The same pathways that pattern the wing along its anterior-posterior (A-P) and D-V axes also promote wing growth. Dpp derives its name from the reduced growth of imaginal discs in mutants (Spencer et al. 1982). Dpp can also be sufficient to increase growth when ectopically expressed, and this growth can be organized into partial wing duplications (Zecca et al. 1995). However, despite extensive examination, the mechanisms by which Dpp actually controls wing growth remain controversial. Dpp pathway activity is graded (Fig. 1), from high in the medial wing disc (near the A-P boundary) to low at the lateral edges, and Dpp is a crucial factor regulating wing growth, yet for most of wing development, growth is relatively evenly distributed throughout the wing disc. How does a growth factor distributed in a gradient promote uniform growth?

One class of models, suggested by the inferred relationship between patterning and growth in regeneration experiments, posits that proliferation is promoted by a read-out of the gradient of pathway activity, rather than the absolute amount of Dpp signalling (Fig. 1H) (Day and Lawrence 2000). In support of such models, when patches of cells express an activated form of the Dpp receptor Thickveins (Tkv), creating a local difference between high and low pathway activity, then cell proliferation can be stimulated in cells along the borders of these patches (Rogulja and Irvine 2005). Moreover, growth can also be stimulated by differences created by lowering rather than raising effective pathway activity, whereas uniformly activating the pathway inhibits rather than stimulates growth in the centre of the wing (Rogulja and Irvine 2005). However, complicating factors include observations that in lateral regions of the wing, cell proliferation can be promoted autonomously by activation of the Dpp pathway, the stimulatory effect of borders between cells with different levels of pathway activity is transient, the differentials in pathway activity used to detect effects on cell proliferation exceed the slope of the endogenous Dpp gradient, and the steepness of the slope of the Dpp gradient normally varies across the disc (Teleman and Cohen 2000; Martin-Castellanos and Edgar 2002; Rogulja and Irvine 2005; Wartlick et al. 2011). Nonetheless, the discovery of the connection between Fat and Hippo signalling (see below), and the ability of Dpp signalling to influence the Fat pathway, implies that there is at least some contribution of a gradient slope to wing growth regulation.

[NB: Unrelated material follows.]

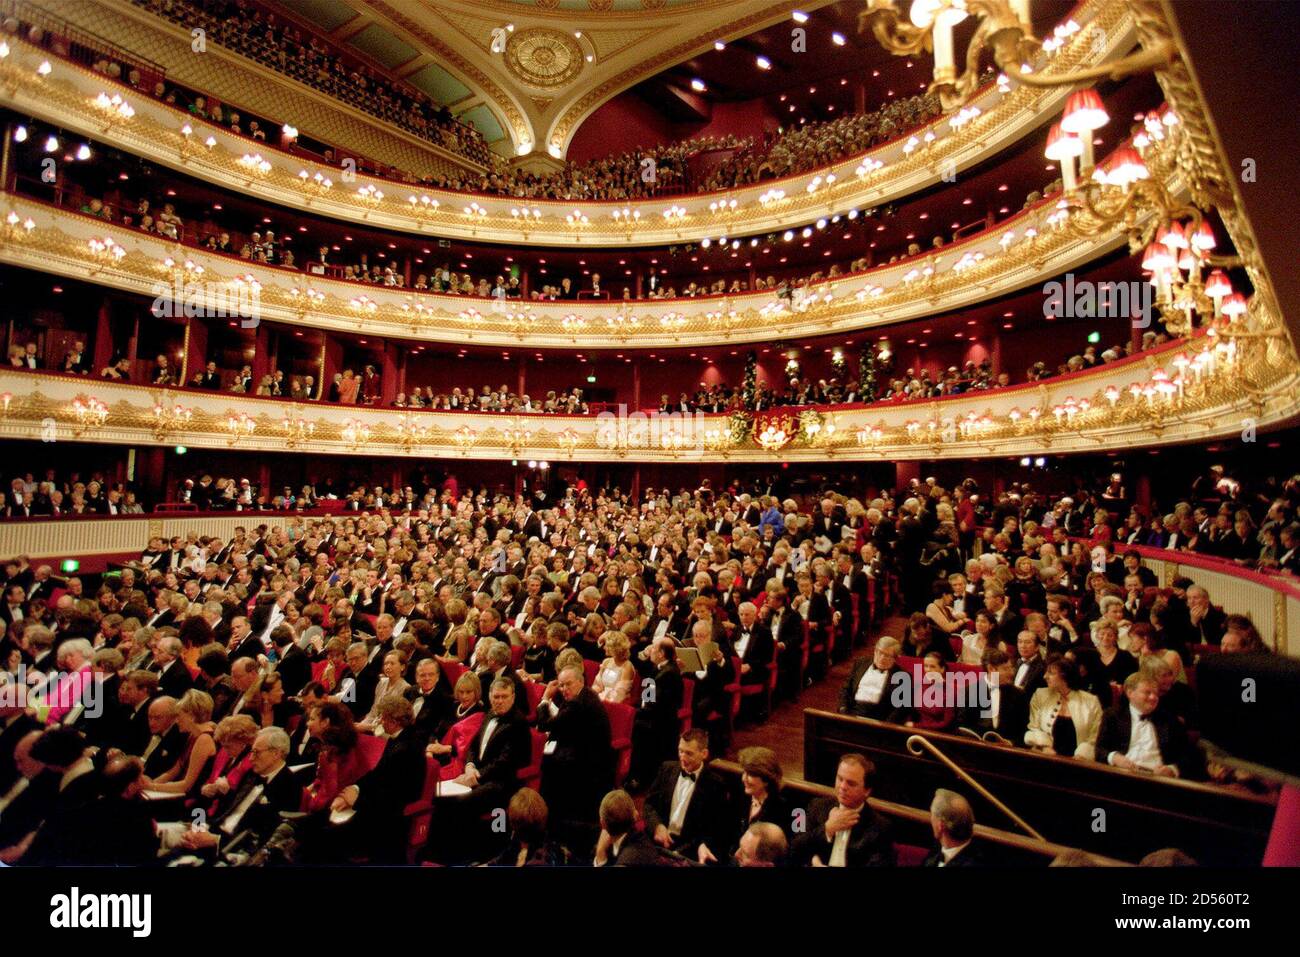 Theatre audience. Ковент Гарден театр. Королевский оперный театр в Лондоне. Зрительный зал Ковент Гарден. Сцена опера Ковент Гарден.
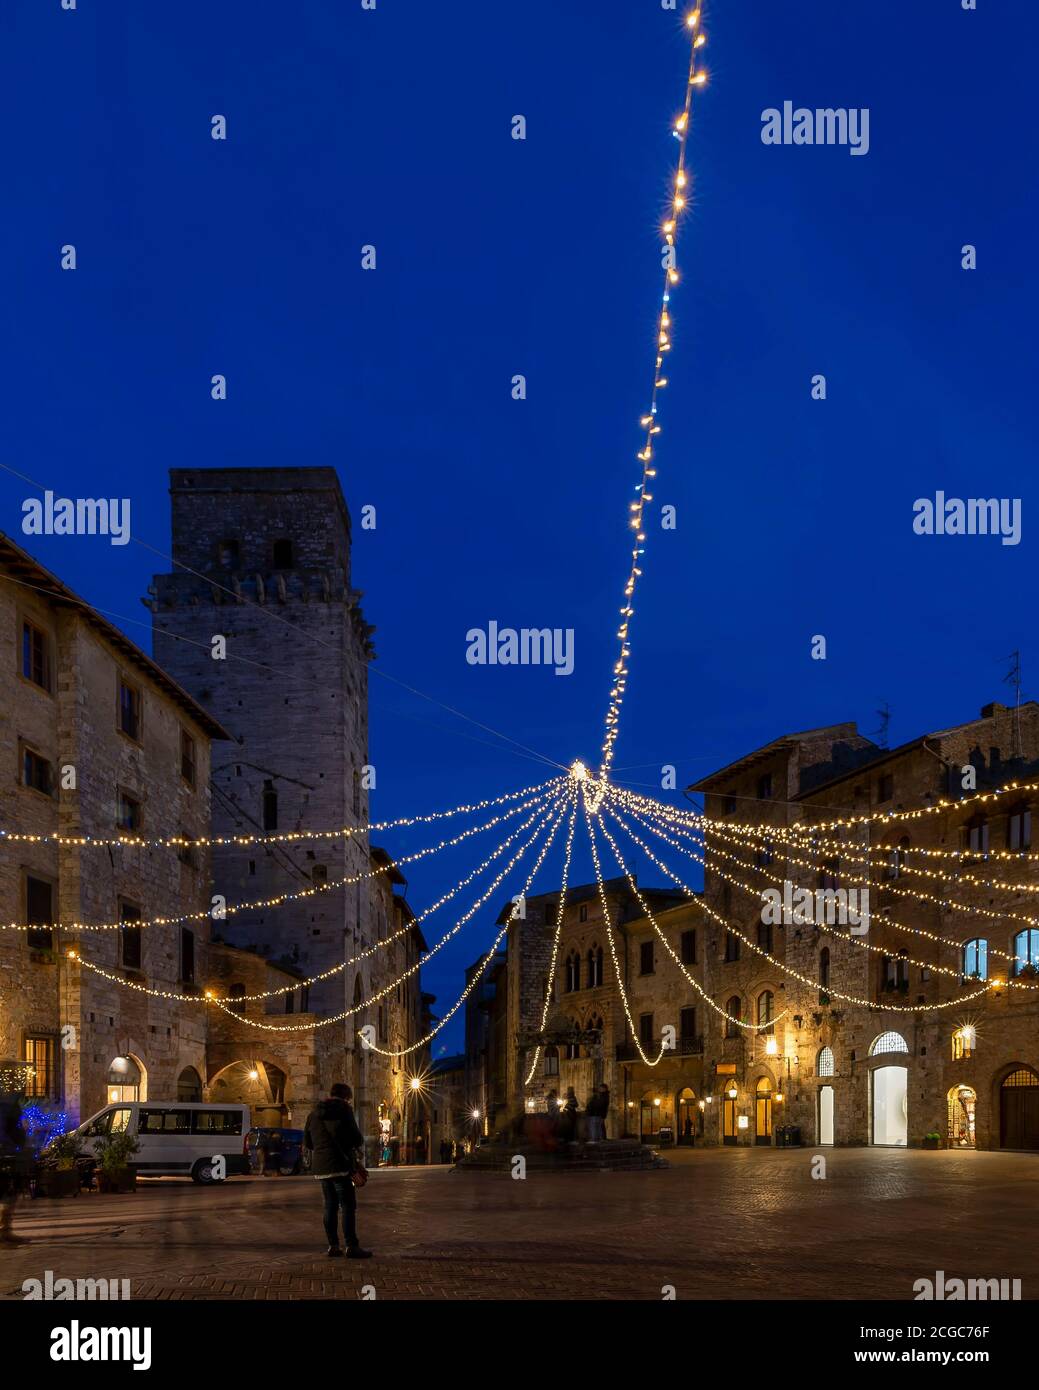 Vista vertical de la Piazza della Cisterna, centro histórico de San Gimignano, Siena, Italia, con las luces del atardecer en la hora azul Foto de stock

Another class of models, first suggested by Serrano and O'Farrell (1997), posit that uniform growth promotion by a Dpp signalling gradient is achieved through a parallel gradient of a growth inhibitor (Fig. 1I), which as a practical matter would seem to require that the hypothesized inhibitor be regulated by Dpp. Recent years have seen two classes of observations that could fit this hypothesis. When Wartlick et al (2011) quantified Dpp pathway activity and growth rates throughout wing development, they observed that cells divide on average after Dpp pathway activity has increased by 50%. They proposed that this correlation reflects a process in which the amount of Dpp signal needed to promote growth depends upon the amount of Dpp previously received by cells. Although in principle this type of process could generate uniform growth in response to the Dpp gradient, thus far a specific molecular mechanism that would account for the proposed requirement for temporal increases of 50% in Dpp signaling has not yet been uncovered. It is also not clear how well this model can account for the results of experiments in which temporal control over Dpp pathway activity was exerted, or in which Dpp responsiveness was abrogated using Mad mutations (Rogulja and Irvine 2005; Schwank et al. 2012).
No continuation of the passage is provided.